Monday, August 06, 2007

Word Games

No, this is not the usual word games one unwittingly plays with others, in relationships, at times.

I talk instead of learning word games.

Yesterday, Gerry, Thomas, Anthony and I had a game of Taboo .
Taboo is a word guessing game. The object of the game is for a player to have their partner guess the word on their card without using the word itself or five additional words listed on the card.

Really works one's thinking and speaking skills and can be a vehicle for many language and vocabulary discussions.

Hey, it is also fun!

Children and adults alike learn a lot from games. Games, board games, card games, oral games ( I Spy), video games play a big role in our homeschooling.

Plato wrote, "You can discover more about a person in an hour of play, than in a year of conversation."

Very true.

This article describes the family and educational benefits inherent in game playing ~ "With the hub-bub and rush of daily living, many parents are looking for more ways to spend quality time with their families. They are also concerned about enriching their children's education. Parents are concerned about molding their children into honest, patient, well-rounded members of society. Family games are a great, wholesome way for parents to meet all of these needs at once.
Family games give parents the opportunity to spend time with their children, as well as to sharpen their wit and knowledge.
Homeschoolers and teachers have known for years that games are a great way to learn.
And learn they will. Parents are often amazed when they stop to think about all of the possible skills enhanced by game playing. Nearly all games will broaden cognitive skills by applying problem solving methods, critical thinking skills, and strategic thought."

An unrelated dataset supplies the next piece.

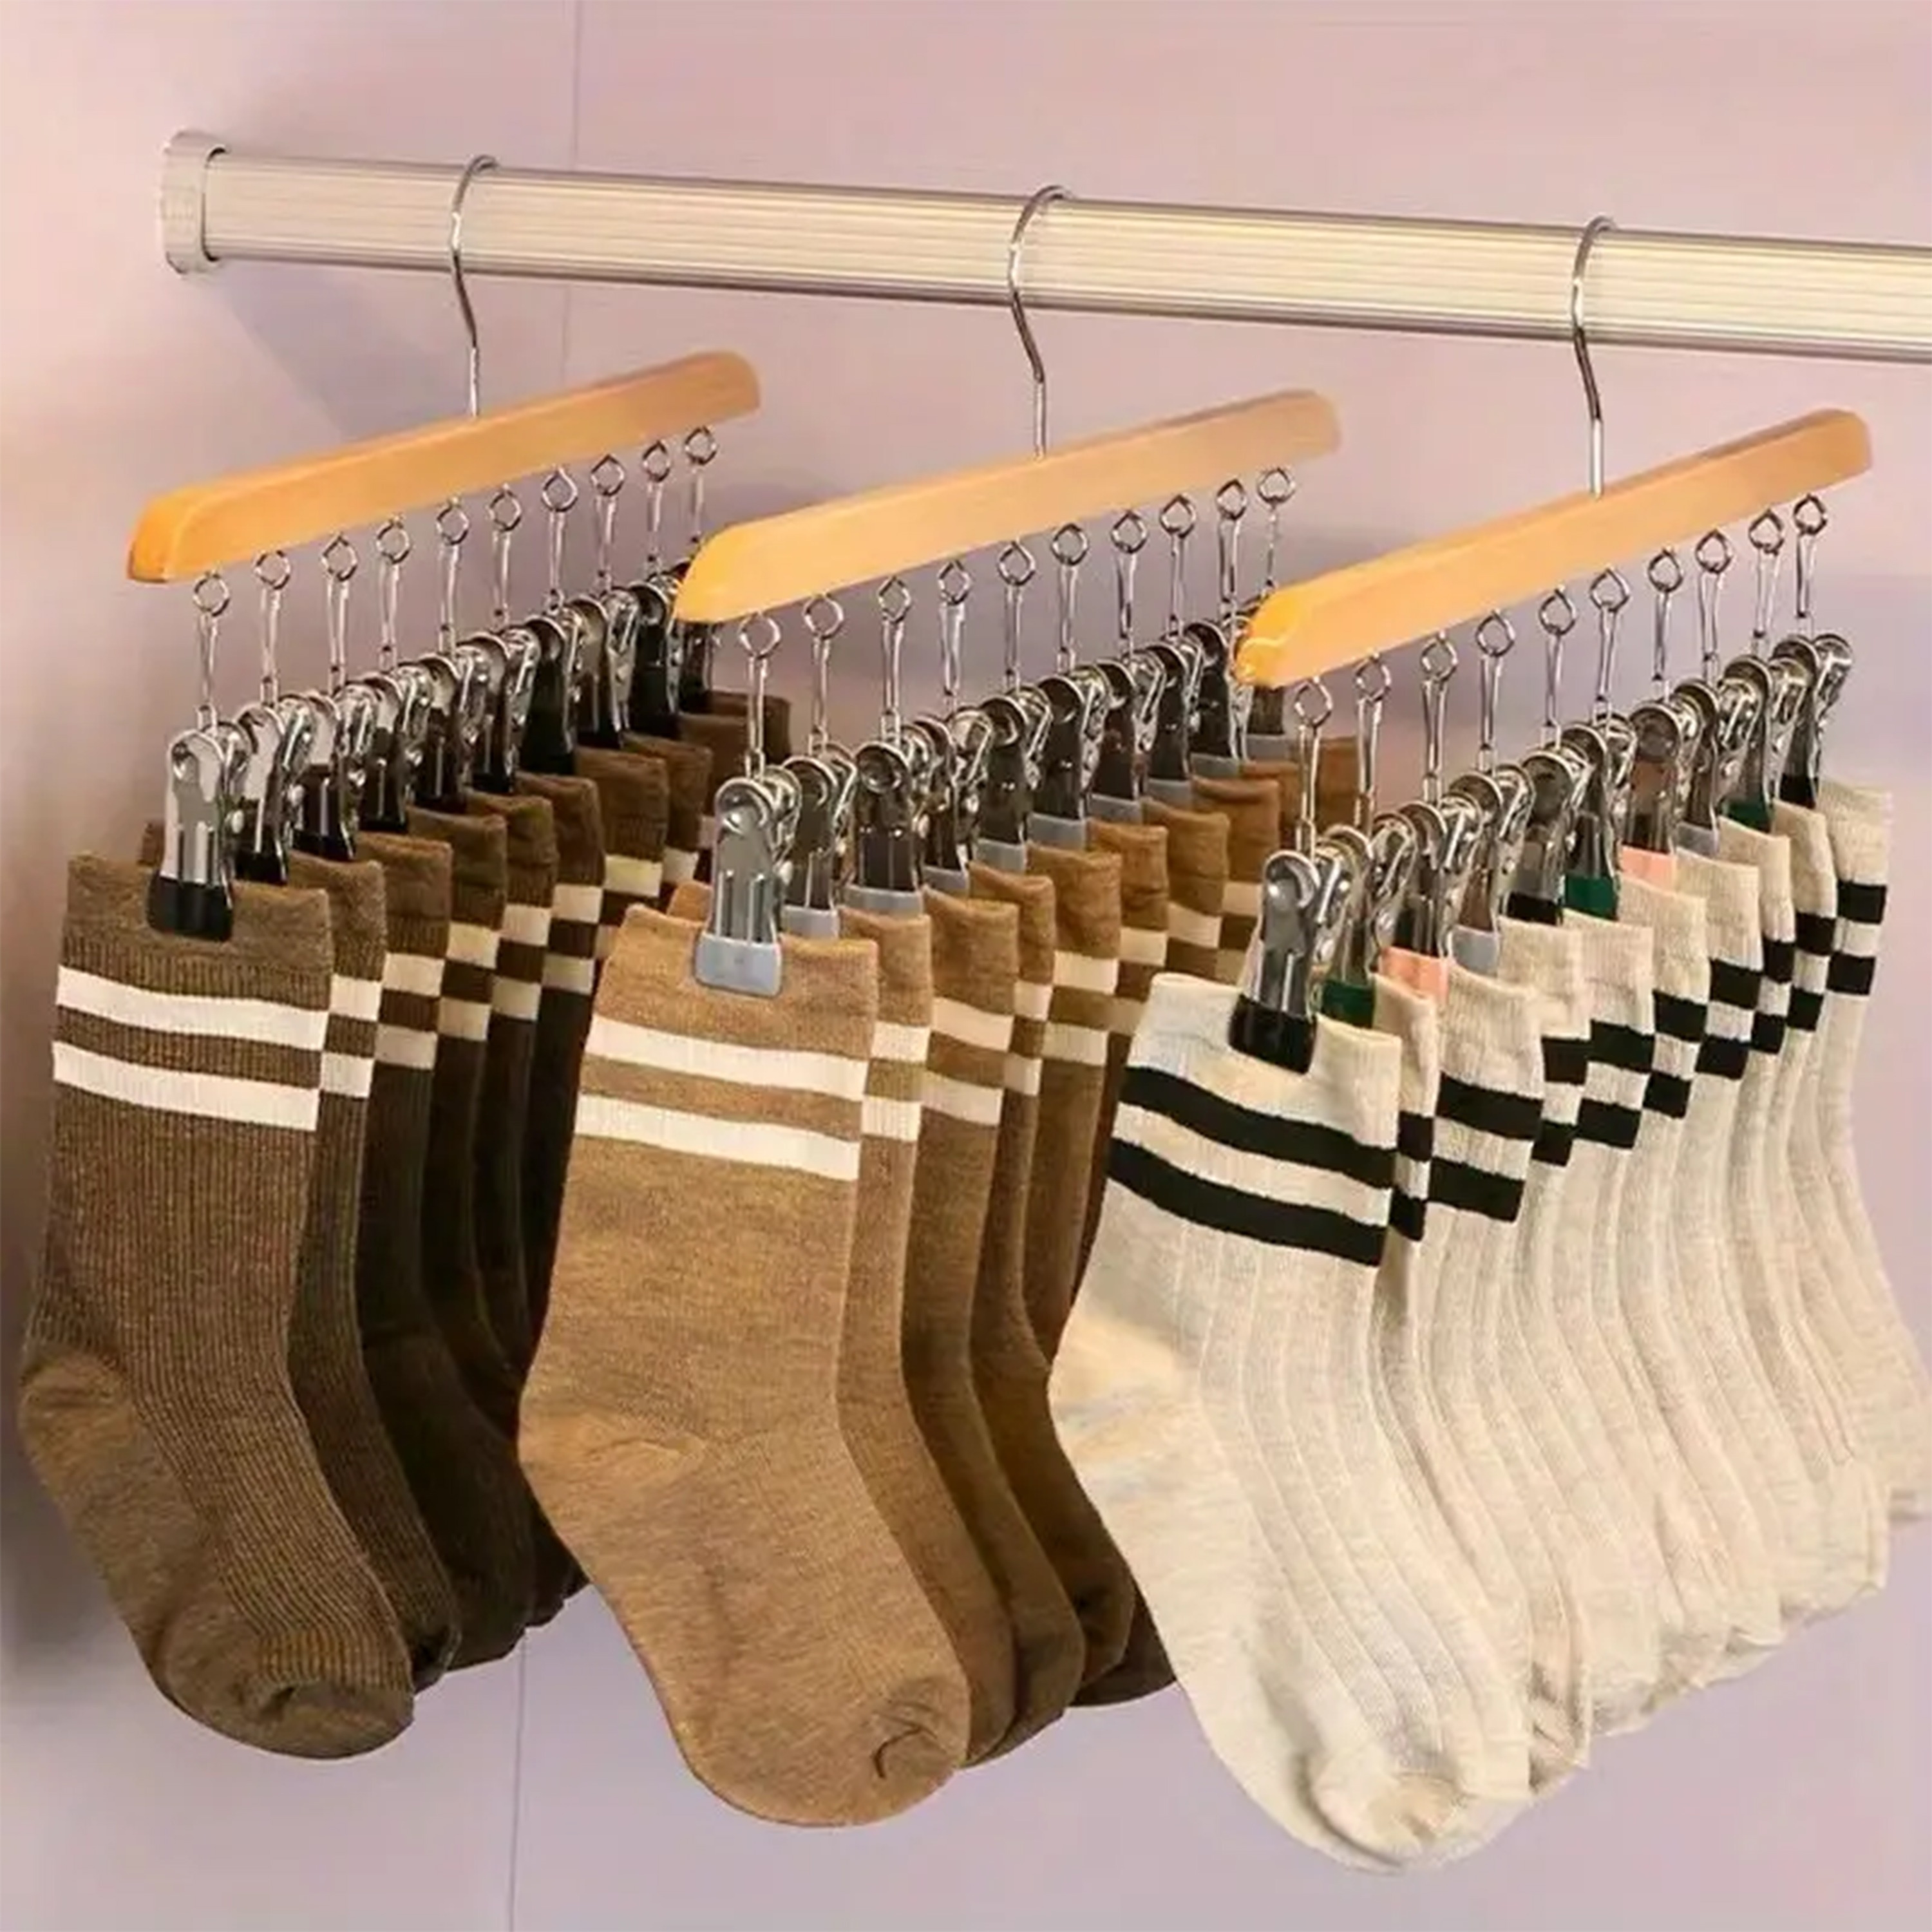 

1pc Multi-clips Legging Hanger, Hat Organizer, Durable Socks Drying Rack For Ties, Scarves, Belts, Household Storage Organizer For Bathroom, Bedroom, Closet, Wardrobe, Home, Dorm

And there is value not just in board games but in video games, too - in playing the games, in doing something hard, in discussing the games, as Papert describes.

"Two big lessons I have learned from computer games are opposites of the messages of the ads I was quoting. The first, which I have already noted, is echoed by kids who talk about "hard fun" and they don't mean it's fun in spite of being hard. They mean it's fun because it's hard. Listening to this and watching kids work at mastering games confirms what I know from my own experience: learning is essentially hard; it happens best when one is deeply engaged in hard and challenging activities. The game-designer community has understood (to its great profit) that this is not a cause for worry. The fact is that kids prefer things that are hard, as long as they are also interesting. The preoccupation in America with "Making It Easy" is self-defeating and cause for serious worry about the deterioration of the learning environment."

Interested in making your own games? I thought I might strew these articles this week ~
Make Your Own Board Game
How to Make Your Own Board Games


Sabine said...

Great post. We've picked up card games again recently. Maybe we'll make a broad game via the link you posted.

Leonie said...

Hmm - we should get back into card games...I'll see if anyone wants to make a board game, too!